Côté aviation d’affaires, nous avons dû gérer les annulations russes, certaines difficultés en matière de support, et les problèmes de la supply chain. De ce fait, nos livraisons 2022 sont légèrement inférieures aux prévisions. En revanche, les ventes ont bien progressé, pour s’établir à 64 appareils, contre 51 en 2021. Le Falcon 6X doit être certifié et mis en service en 2023. Quant au Falcon 10X, notre futur vaisseau amiral, il a encore quelques années de développement devant lui. Ces deux avions nous rendent optimistes pour l’avenir. Ils répondent aux demandes de nos clients et séduiront de nouveaux prospects. Ils bénéficient de l’expérience de notre bureau d’études, de notre dualité civil-militaire et de notre avance en matière de numérique.

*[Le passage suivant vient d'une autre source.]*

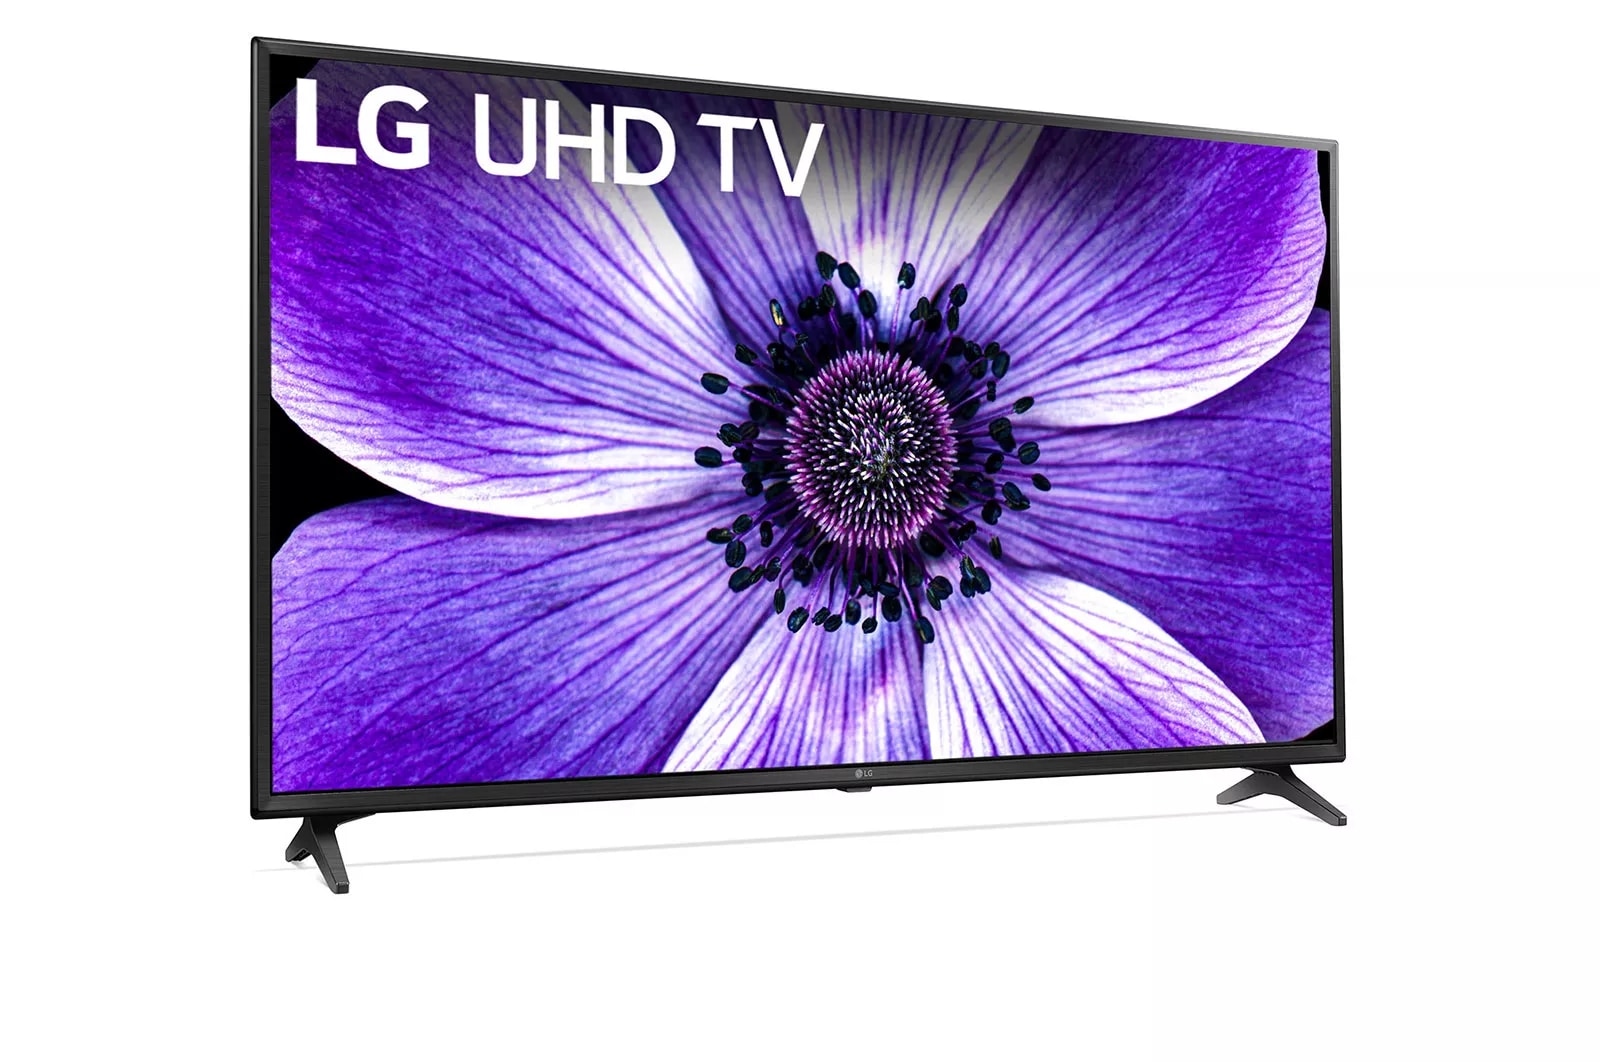 LG UN 43 inch 4K Smart UHD TV (43UN6950ZUA) | LG USA

Parallèlement à ces enjeux commerciaux et industriels, nous poursuivons nos travaux pour atteindre le « net zéro » en 2050. Aérodynamique, matériaux, motorisation, aides à la navigation : nous cherchons l’optimisation dans tous les domaines. À court terme, la voie la plus prometteuse est celle des carburants alternatifs, les SAF (Sustainable Aviation Fuel), qui présentent des taux de réduction des émissions de carbone de l’ordre de 80 % à 90 % par rapport au kérosène. Tous les Falcon sont aujourd’hui certifiés pour utiliser des mélanges comprenant jusqu’à 50 % de SAF. Nous visons 100 % à l’horizon du Falcon 10X. L’aviation d’affaires est pionnière dans cette solution de décarbonation, car nos clients, essentiellement des entreprises, sont en mesure d’utiliser des SAF malgré leur surcoût.
Nous faisons tous ces efforts bien que notre industrie soit peu émettrice de CO2 : les émissions annuelles cumulées des 2 100 Falcon en service sont équivalentes aux émissions de 24 heures de flux mondial de streaming vidéo ! Mais nous devons prendre notre part de ce défi et nous ne doutons pas de le relever. L’aéronautique aime la complexité et sait la gérer. Étant soumise à des contraintes sans équivalent, elle est par nature une activité évolutive. Elle se réinvente en permanence depuis plus d’un siècle, se remet en question et s’en sort toujours par le haut, c’est-à-dire par le progrès technologique.
Enfin, nous menons à bien la modernisation de nos établissements pour préparer l’avenir, tout en renforçant notre ambition en matière de RSE et de sobriété énergétique.